How to prepare mashed beans

This dish has become popular due to its high taste. Ease of preparation also speaks in its favor. Beans for puree are cooked similarly to the "soup" options. The only difference is that the finished product is whipped in a blender until a homogeneous mass is formed. In the resulting puree add a raw egg, a little sunflower oil and beat again.

The dish can be spiced by adding salt and spices to taste. This puree is usually served with vegetables or meat dishes as a side dish. It turns out very tasty and nutritious.

Cooking method without pre-soaking

This type of cooking requires a lot of time:

  • first, the beans are thoroughly washed, then they take a container and pour the beans into it;
  • add cold water at the rate of half a liter of water per one glass of beans;
  • the product is put on fire and brought to a boil;
  • after boiling, cook for 15 minutes;
  • water must be drained and new water added in the same proportions;
  • after 15 minutes, repeat the change of water and put on fire;
  • bring to a boil, reduce the gas and cook for 45 minutes;
  • turn off the fire.

The finished product can be used to prepare various dishes.

Boiled beans can be combined with many dishes. It can be used as an independent dish, or combined with different vegetables. Also, this product goes well with sauces. Vegans and vegetarians often use it as a meat substitute. It is nutritious due to its high protein content and is beneficial for the human body. In order for boiled beans to be soft and not boiled, you should familiarize yourself with some culinary secrets.

When the product boils, it is necessary to drain hot water and replace it with cold. This will make the beans taste much better. Adding sunflower oil to the pan will give the product a mild and delicate flavor. Some replace it olive oil. In this case, the taste of the finished beans is even more interesting.

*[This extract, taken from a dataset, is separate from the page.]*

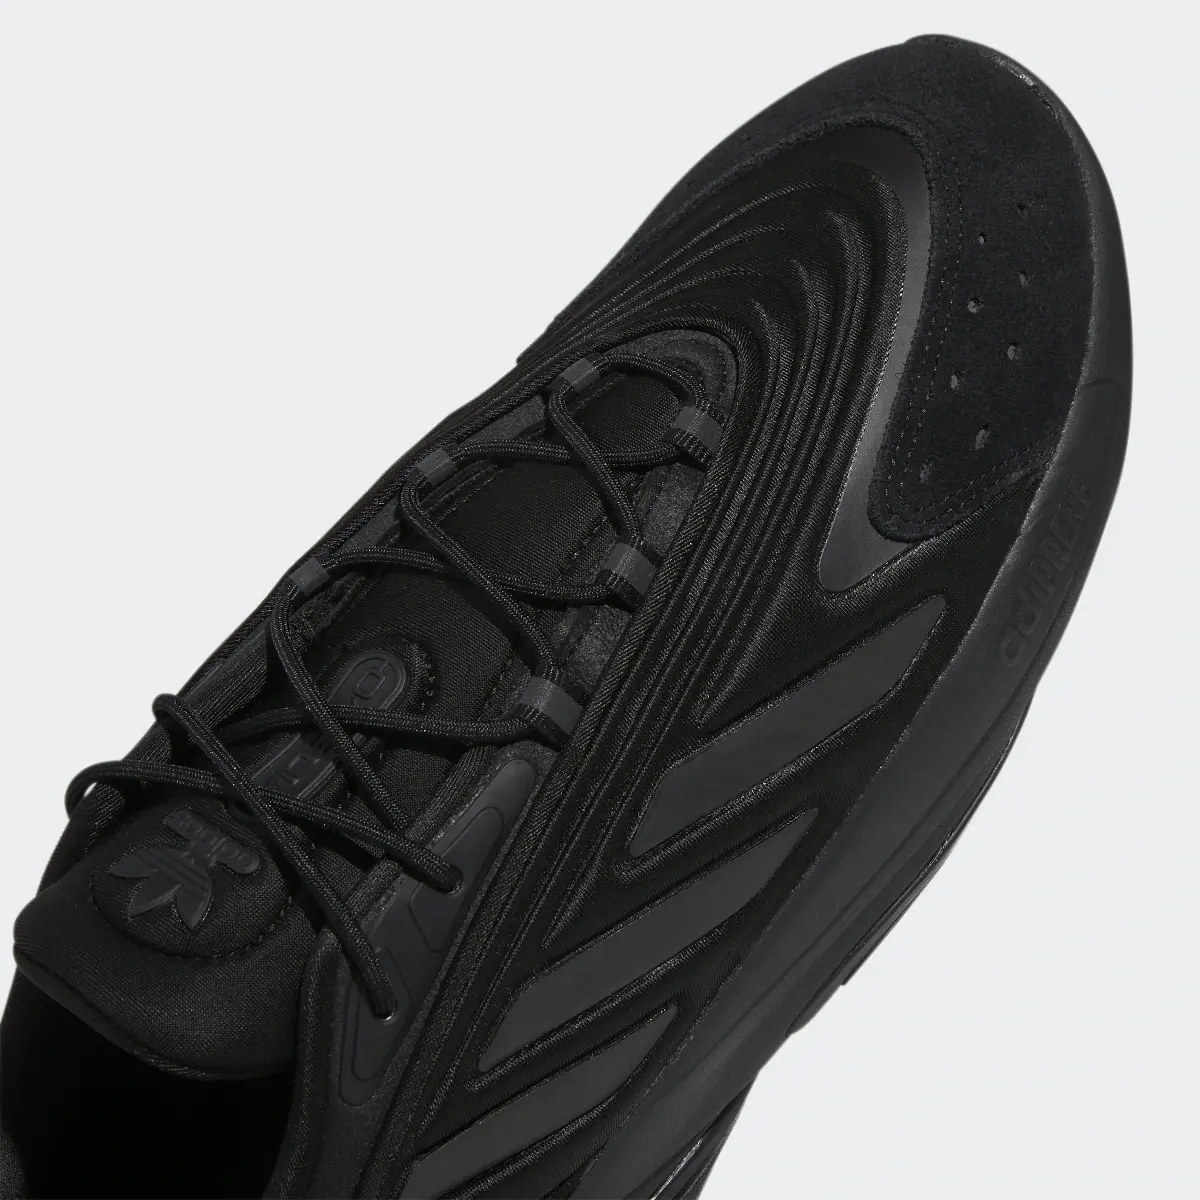 Adidas Ozelia Ayakkabı. 3

For flavor during cooking, you can add garlic and a little spice. It turns out very unusual, because the beans themselves have a slightly pronounced taste, and many do not like it precisely because of this. Such a product is cooked in an open pan, do not stir, and salt is already added to the cooked beans (you should not salt before, this slows down the cooking process).

If it is not possible to change the water during the soaking process, add soda to the bean container. Its proportions will be as follows: for 600 milliliters of water, add 1/4 of a teaspoon of soda. After all this, it must be washed well and only then proceed to cooking.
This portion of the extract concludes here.